What this task involves
Without any pictures, retype exactly the lines that begin at the one holding "wowpresentation2-preview-web30" and end at the last line of the data below.

Provided data START

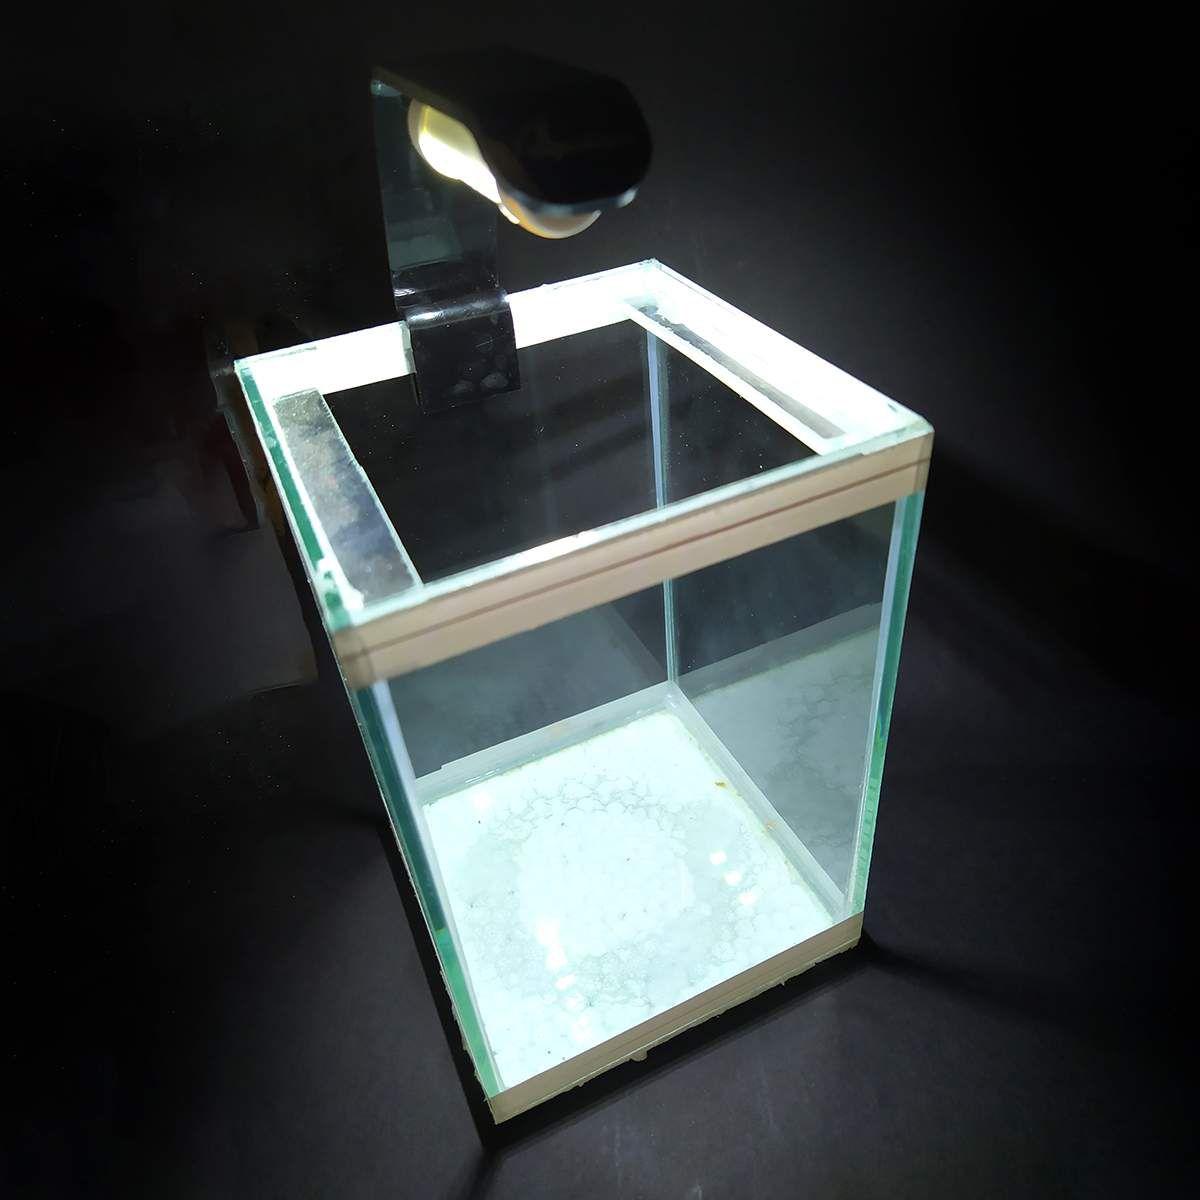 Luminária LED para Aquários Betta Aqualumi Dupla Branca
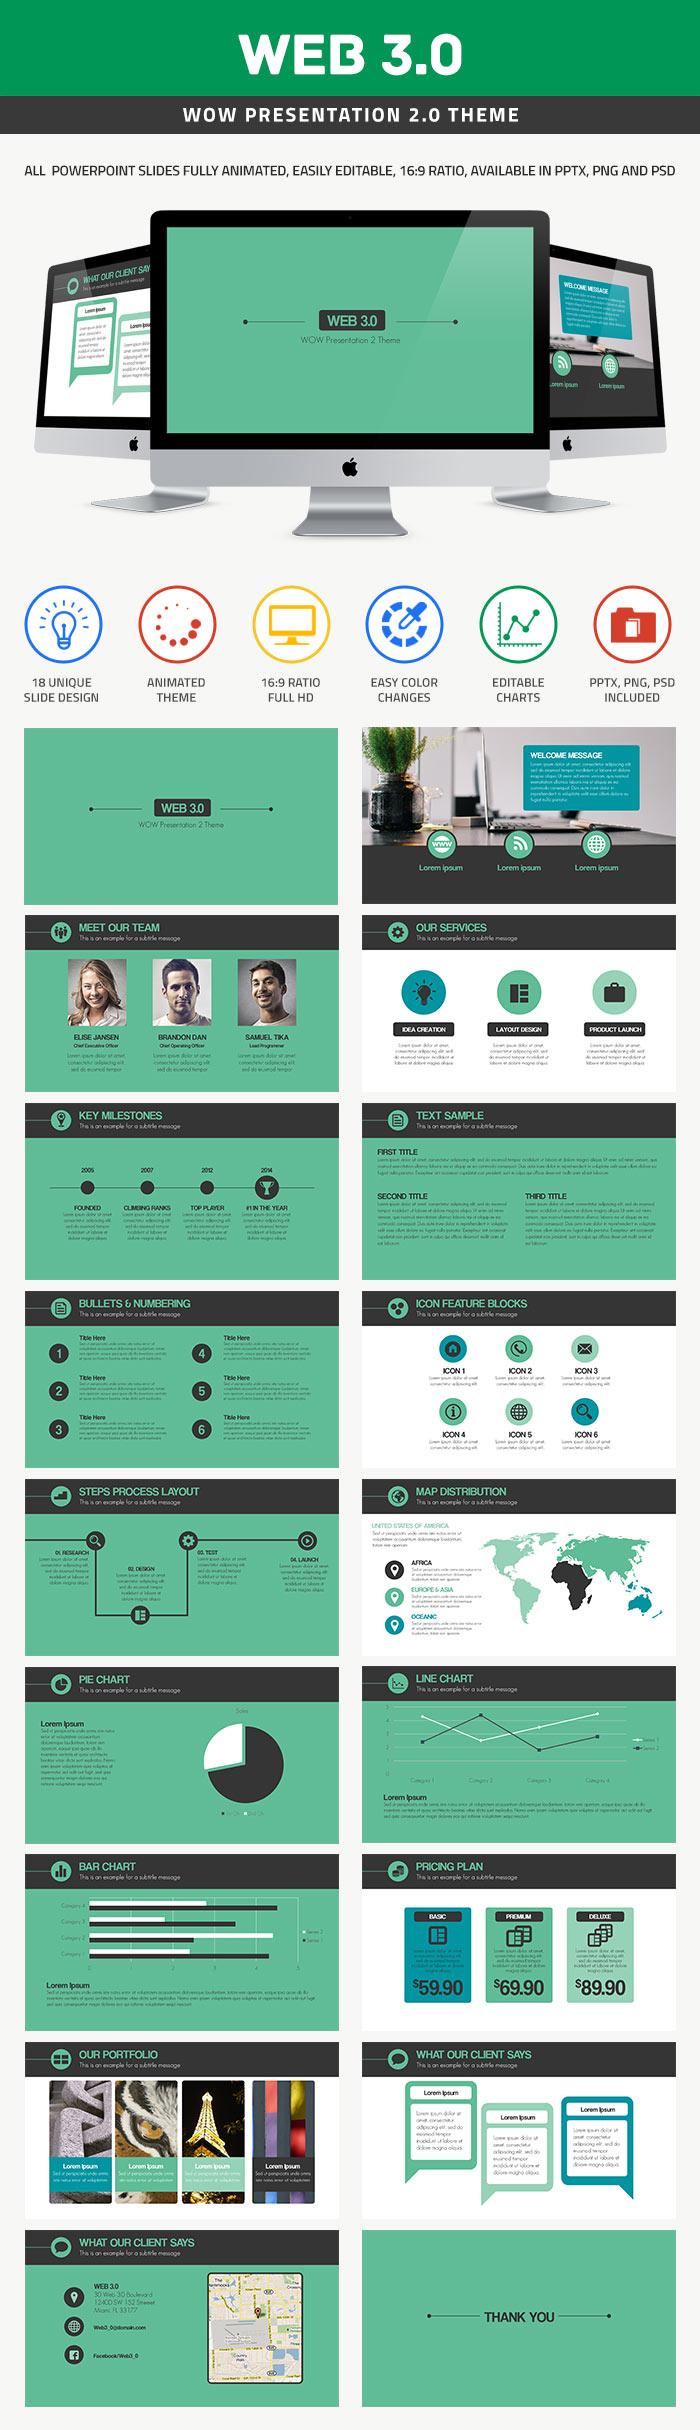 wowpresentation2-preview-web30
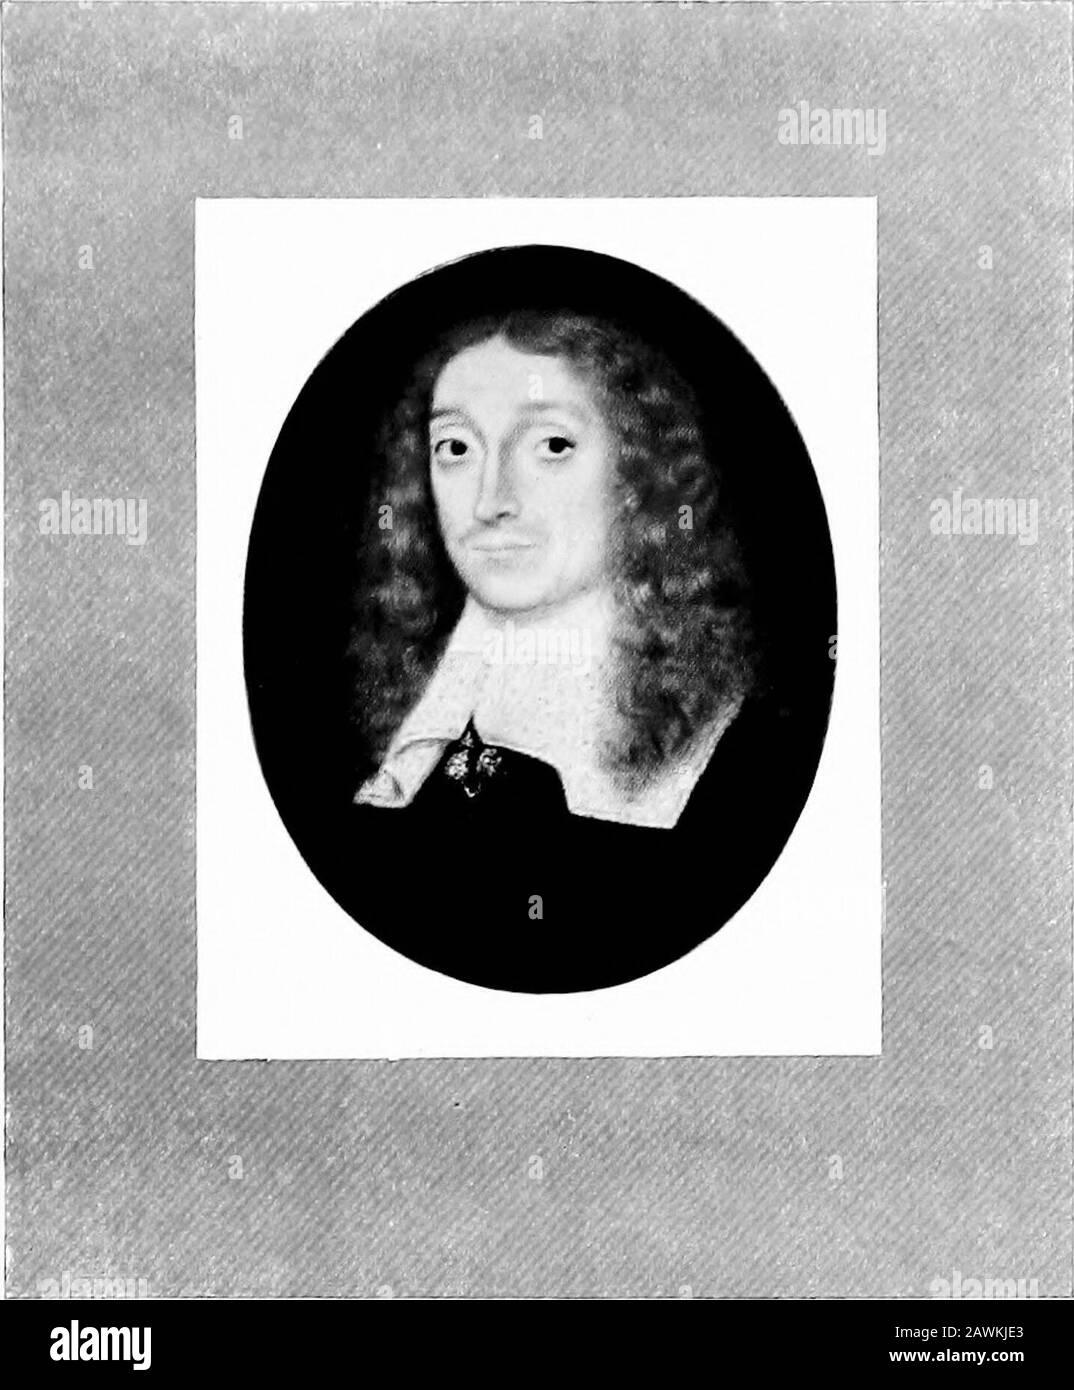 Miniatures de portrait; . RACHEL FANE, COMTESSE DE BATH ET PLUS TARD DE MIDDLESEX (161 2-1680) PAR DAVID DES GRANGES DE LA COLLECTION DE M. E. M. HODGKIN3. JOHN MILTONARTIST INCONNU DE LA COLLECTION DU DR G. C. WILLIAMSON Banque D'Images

Provided data END

Written solution
 wowpresentation2-preview-web30
 Miniatures de portrait; . RACHEL FANE, COMTESSE DE BATH ET PLUS TARD DE MIDDLESEX (161 2-1680) PAR DAVID DES GRANGES DE LA COLLECTION DE M. E. M. HODGKIN3. JOHN MILTONARTIST INCONNU DE LA COLLECTION DU DR G. C. WILLIAMSON Banque D'Images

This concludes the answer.